Technical associations and regulatory bodies step in by publishing guidance and monitoring new research, helping to keep the field current. Periodic reviews of workplace exposure limits allow producers and users to update training and protocols as science evolves. Companies that treat this as an ongoing process, rather than a compliance checklist, foster cultures where safety and innovation coexist. This isn’t just a feel-good story; it’s grounded in real outcomes—lower accident rates, less downtime, and stronger reputations.
Looking forward, the identity of allyl alcohol keeps shifting. Its role in traditional industry remains solid, tied to longstanding relationships with polymers and resins. Yet whispers around benchwork and research meetings point to new uses. Biomedical teams investigate its reactivity for custom hydrogels and drug delivery systems, hoping to harness its versatility for targeted treatments. Environmental scientists investigate routes that deliver the same performance but ease concerns over persistence and toxicity.
Industry players keep an eye out for regulatory changes and breakthroughs in synthetic biology that might deliver “drop-in” substitutes. No matter what emerges, the demand for molecules that serve as bridges between simple feedstocks and high-value materials will endure. Experience tells me that adaptation and openness to new processing techniques define who thrives amid shifting landscapes.
The dialogue around allyl alcohol—its risks, rewards, and replacements—serves as a microcosm of broader debates in the chemical sector. No one-size-fits-all answer exists, and the search for balance draws on knowledge amassed in labs, on factory floors, and inside regulatory offices alike. Staying informed, listening to all voices, and treating science as a living discipline makes for better outcomes, safer workplaces, and stronger products.
Walk through a bustling factory or step inside a research lab, and the story of allyl alcohol unfolds in real time. Its differences from other chemicals stem from intrinsic reactivity and a proven track record inside complex supply chains. Handling and safety require real-world knowledge and undivided attention, and environmental responsibilities shape how producers act today and plan for tomorrow. The conversation no longer centers only on technical details, but on the full spectrum of impacts—social, economic, and environmental—that come with every bottle shipped and every batch produced.

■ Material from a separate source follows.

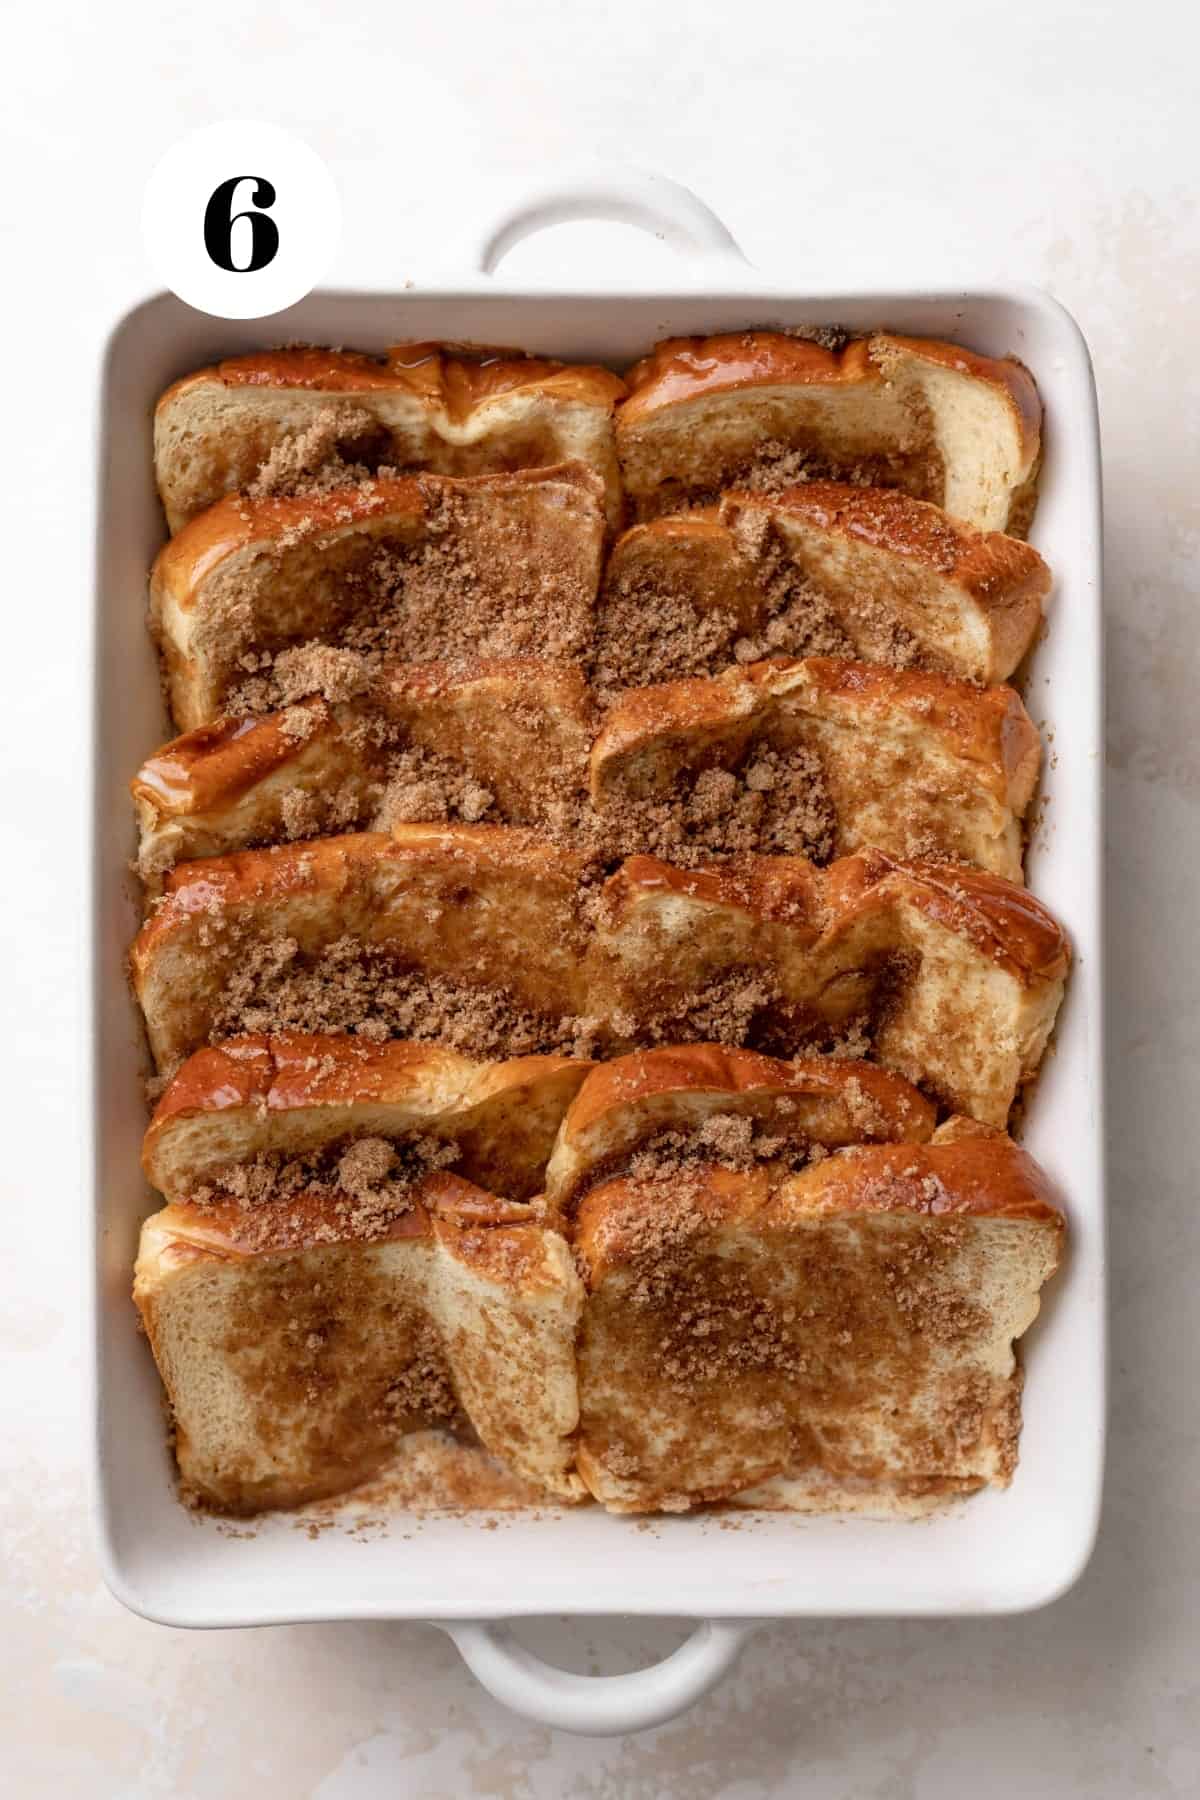 the brioche french toast before baking sprinkled with brown sugar.

In a landscape where innovation and accountability keep driving change, allyl alcohol charts a steady course by delivering qualities that others struggle to match. Users recognize both its strengths and challenges, and the path forward involves commitment across the board—from workers adjusting safety drills to researchers asking hard questions about the next leap forward. The way we produce, use, and think about this compound tells a larger story about industry’s shared responsibilities and opportunities for growth.